== Segment start ==

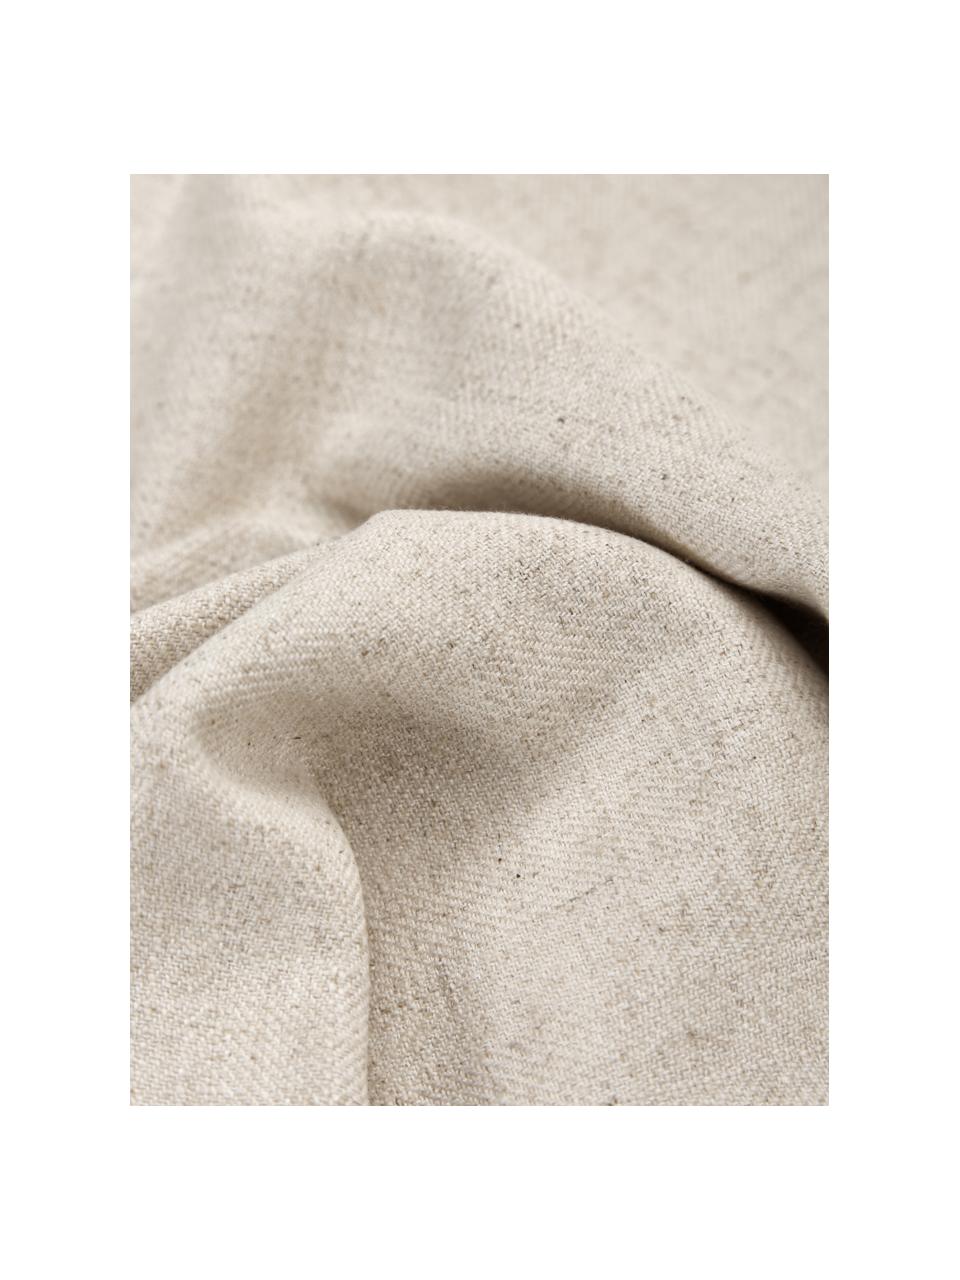 Kissenhülle Blanche mit Holzknöpfen, 60% Polyester, 25% Baumwolle, 15% Leinen, Beige, B 45 x L 45 cm
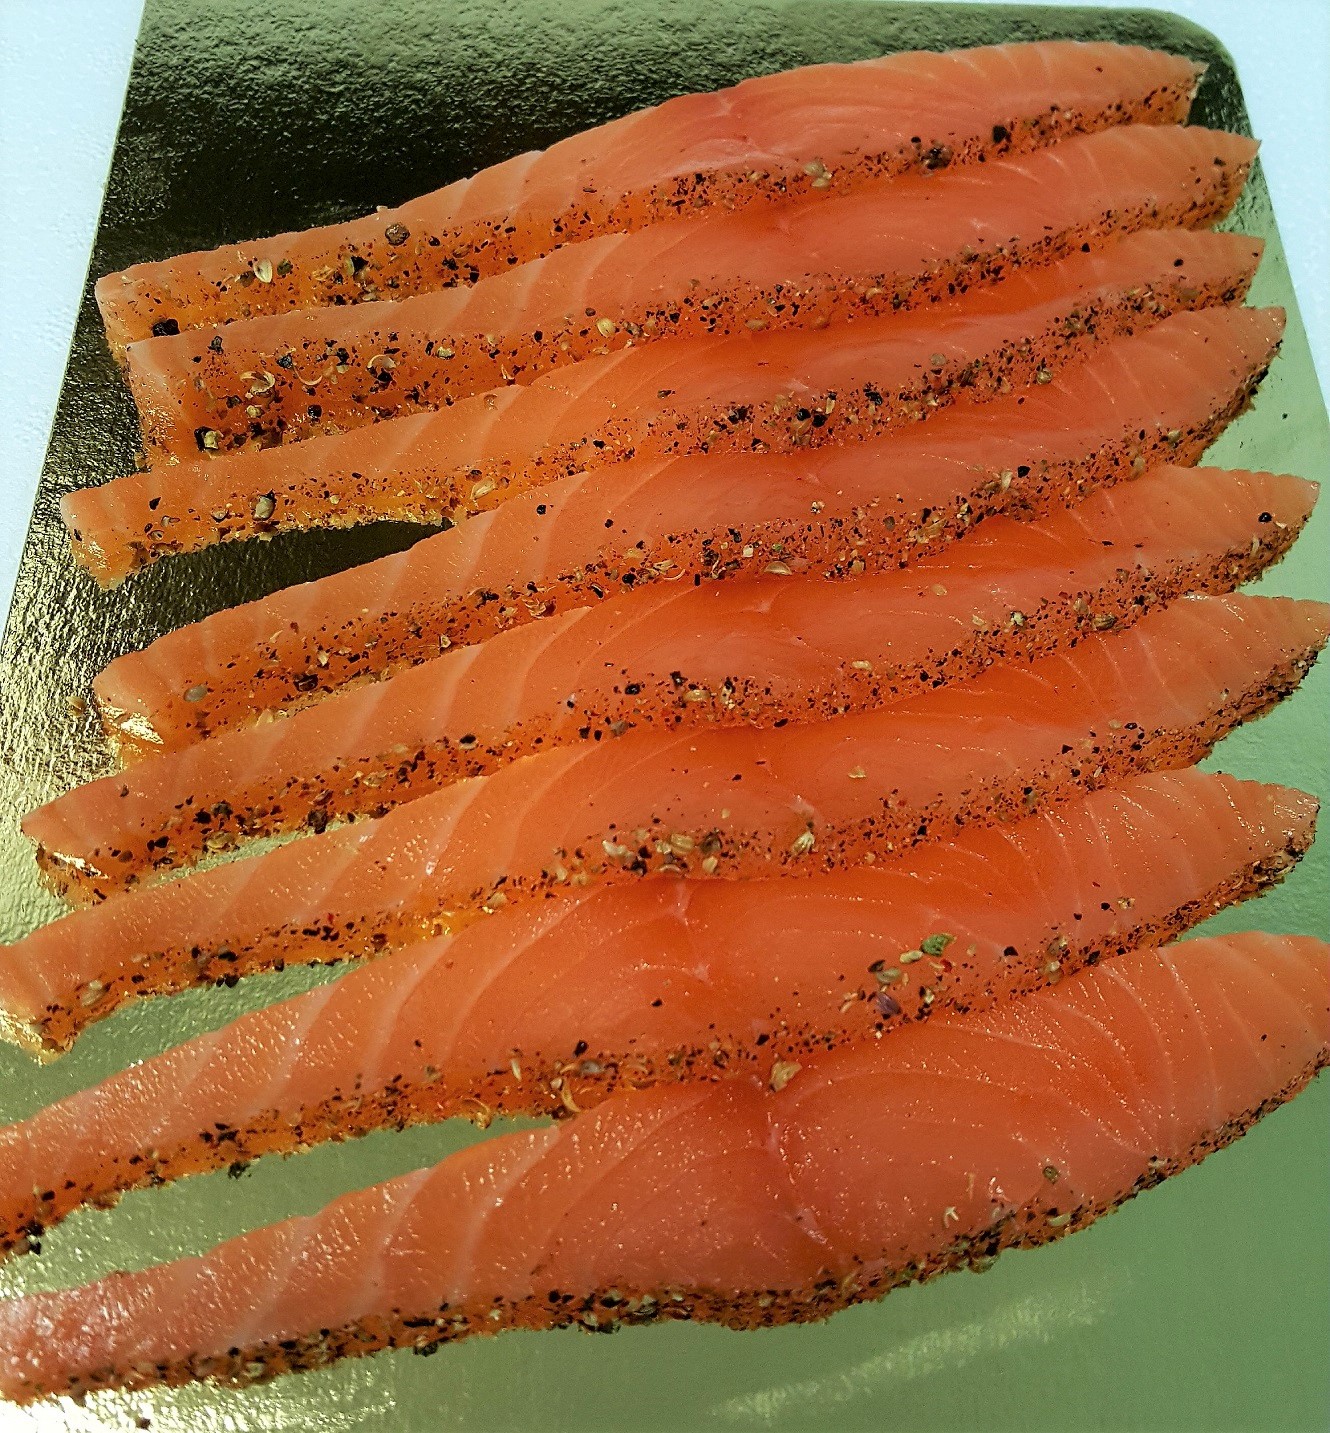 émincés de saumon gravlax
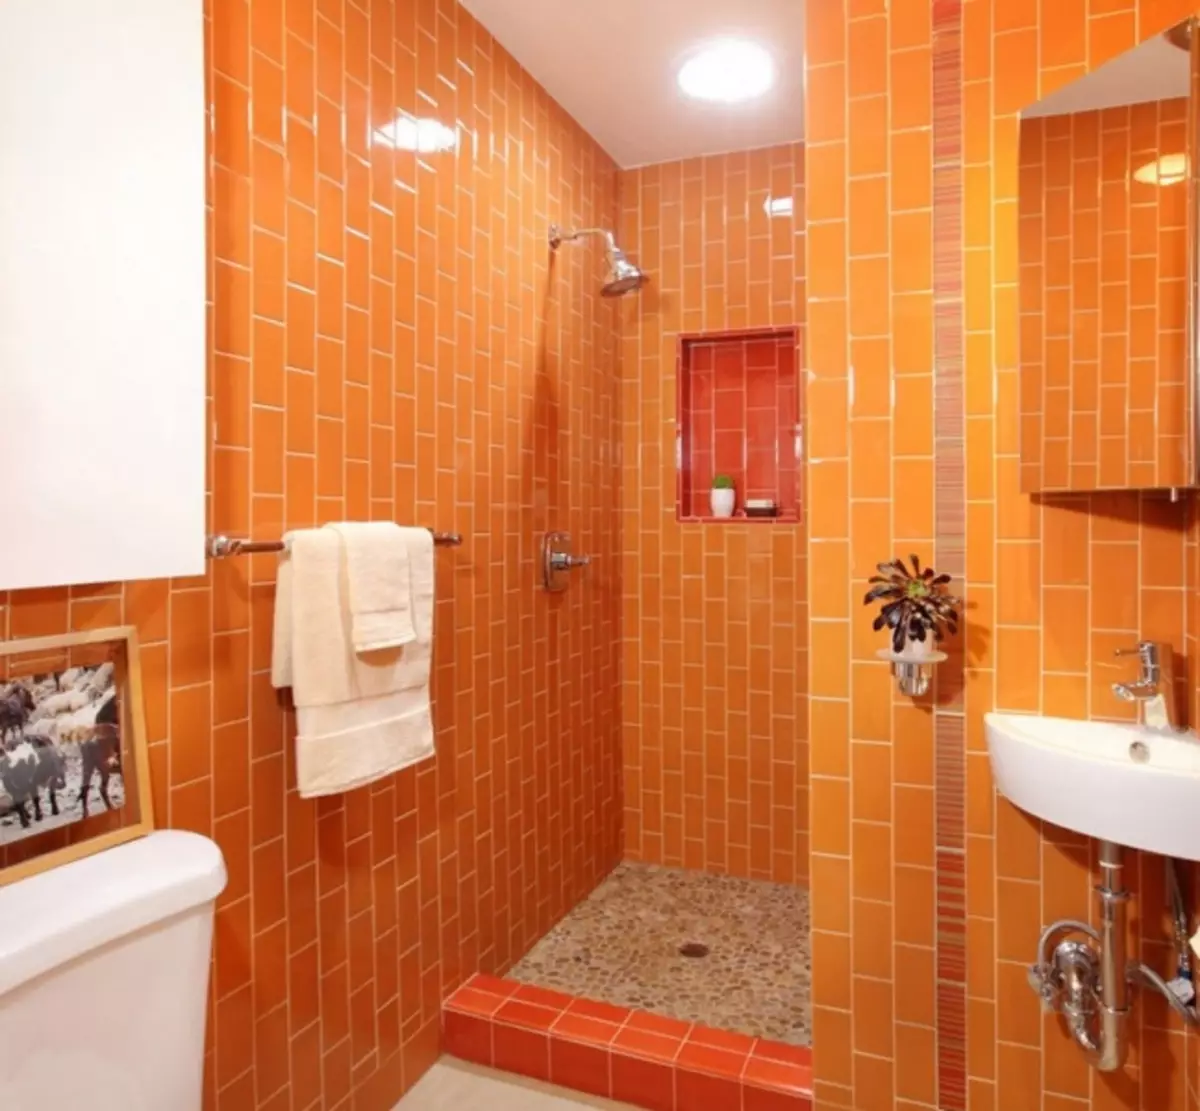 욕실 2 평방 미터. m. - 성공적인 디자인의 작은 비밀
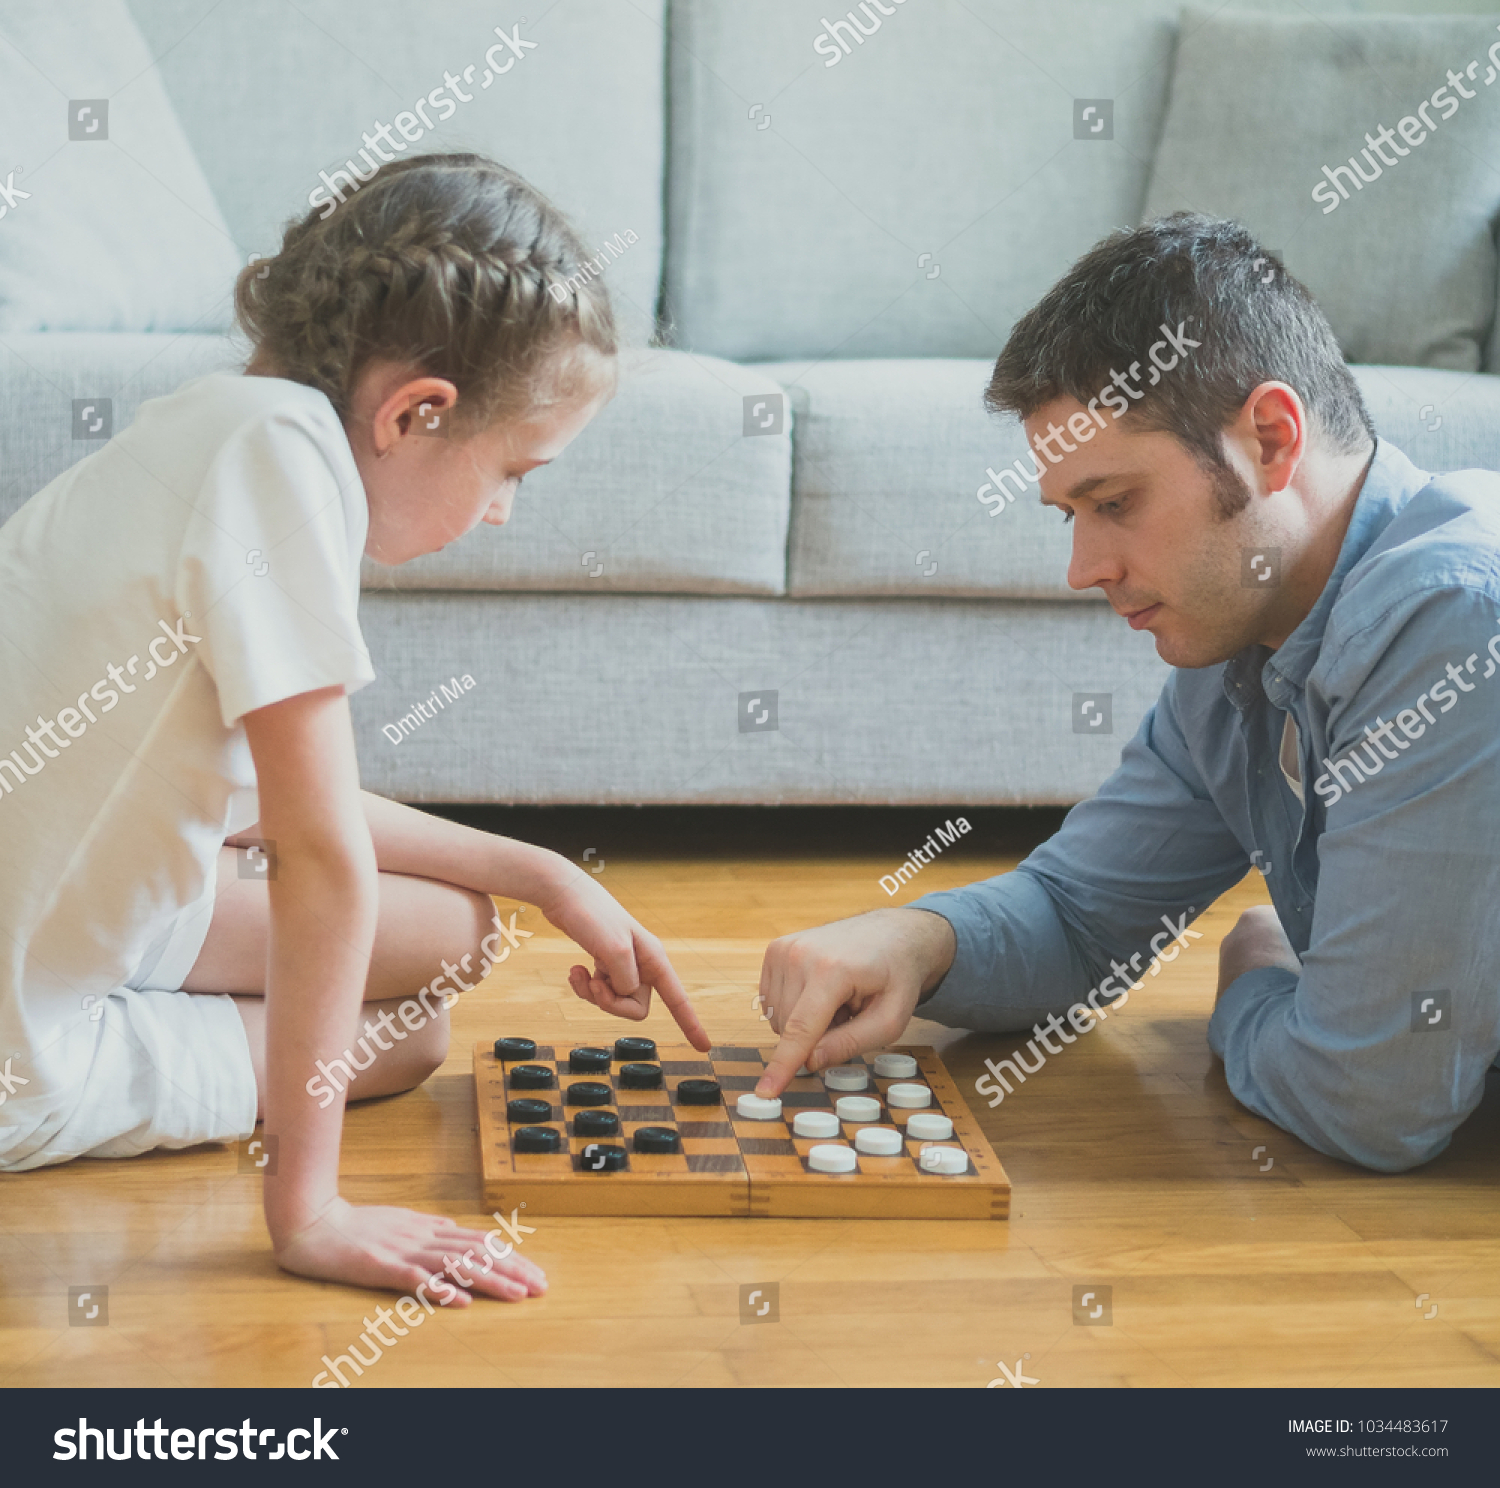 Игра на раздевание мальчик. Семья играет в настольные игры. Папа и дочь играют в шахматы. Семья играет в шахматы. Папа дома с дочкой играются в шашки.

== Segment end ==

**Work order:** The entire listing is to be printed exactly, with each picture omitted.

**Task solution:**
 Kissenhülle Blanche mit Holzknöpfen, 60% Polyester, 25% Baumwolle, 15% Leinen, Beige, B 45 x L 45 cm
 émincés de saumon gravlax
 욕실 2 평방 미터. m. - 성공적인 디자인의 작은 비밀
 Игра на раздевание мальчик. Семья играет в настольные игры. Папа и дочь играют в шахматы. Семья играет в шахматы. Папа дома с дочкой играются в шашки.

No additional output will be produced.